Quality Control SOPs & Procedures

Quality Control SOPs & Procedures:

Standard Operating Procedures (SOPs) and Procedures for Quality Control in Pharmaceutical Nanoparticles and LNPs Development and Manufacturing

Quality control is a critical aspect of pharmaceutical nanoparticle and LNP (Lipid Nanoparticle) development and manufacturing to ensure the safety, efficacy, and consistency of the products. At Apurun, we adhere to stringent SOPs and procedures to meet the highest quality standards in every stage of the process. Below are key SOPs and procedures implemented by Apurun:

1. Raw Material Inspection and Acceptance:
- SOP: This SOP outlines the procedures for inspecting and accepting raw materials used in nanoparticle and LNP manufacturing.
- Procedure: Each raw material undergoes a thorough inspection, including identity verification, purity testing, and documentation of specifications. Only approved materials meeting predetermined criteria are accepted.

2. Formulation Development and Optimization:

  • SOP: This SOP governs the formulation development and optimization process for nanoparticles and LNPs.
  • Procedure: Scientists follow a structured approach to design and optimize formulations, considering drug compatibility, excipient selection, and critical process parameters.
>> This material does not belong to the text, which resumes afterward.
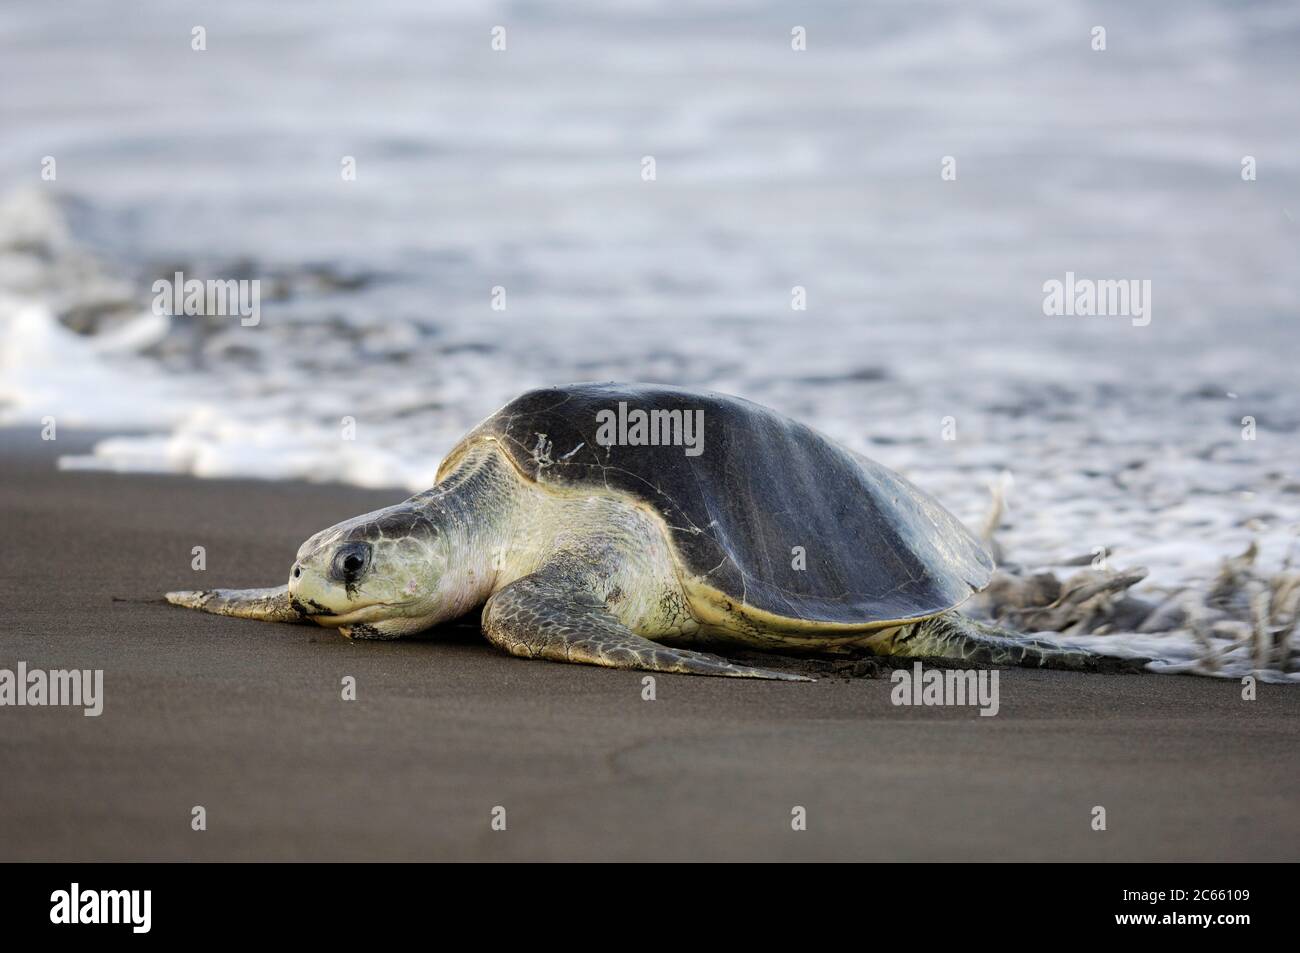 L'arrivée d'une tortue de mer de ridley (Lepidochelys olivacea) à la plage d'Ostional, Costa Rica, côte Pacifique, peut être le début d'une arribada (ponte de masse) des tortues de mer. Des milliers et des milliers de reptiles de 50 kilogrammes viennent à terre sur une période allant jusqu'à une semaine, seulement interrompue par le soleil de midi le plus chaud, pour enterrer leurs œufs dans le sable chaud. Banque D'Images

3. In-Process Quality Control (IPQC):

  • SOP: This SOP governs IPQC activities throughout nanoparticle and LNP production.
  • Procedure: During manufacturing, frequent quality checks are conducted, including particle size analysis, drug loading assessment, and homogeneity testing, to ensure product uniformity and adherence to set specifications.
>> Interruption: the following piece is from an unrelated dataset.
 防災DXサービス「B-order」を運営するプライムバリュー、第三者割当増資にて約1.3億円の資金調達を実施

4. Finished Product Testing:

  • SOP: This SOP outlines the testing procedures for the final nanoparticle and LNP products.
  • Procedure: The finished products undergo a battery of tests, such as particle size distribution, drug release profiling, and stability assessment, to verify the desired characteristics and performance.


5. Analytical Methods Validation:

  • SOP: This SOP details the validation of analytical methods used for quality control testing.
  • Procedure: Analytical methods employed for product testing are thoroughly validated to ensure accuracy, precision, and reliability.


6. Stability Studies:
- SOP: This SOP governs stability studies to assess product shelf-life and storage conditions.
- Procedure: Stability samples are periodically tested under various environmental conditions to monitor potential degradation and ensure product stability over time.

7. Documentation and Record Keeping:

  • SOP: This SOP covers documentation and record-keeping practices.
  • Procedure: Accurate and complete records of all quality control activities, including raw material testing, batch analysis, and stability studies, are maintained to comply with regulatory requirements.


8. Change Control and Deviation Management:

  • SOP: This SOP outlines the procedures for change control and deviation management.
  • Procedure: Any changes to processes, equipment, or specifications undergo thorough evaluation, and deviations are documented, investigated, and resolved promptly to maintain product quality and consistency.

9. GMP Compliance:

  • SOP: This SOP governs compliance with Good Manufacturing Practices (GMP) regulations.
  • Procedure: The entire nanoparticle and LNP manufacturing process is conducted in accordance with GMP guidelines to ensure quality, safety, and compliance with regulatory requirements.


At Apurun, we prioritize quality control at every stage of nanoparticle and LNP development and manufacturing. These SOPs and procedures are continuously reviewed and updated to reflect the latest industry best practices and regulatory requirements, ensuring our commitment to delivering safe and effective pharmaceutical products for our clients and patients.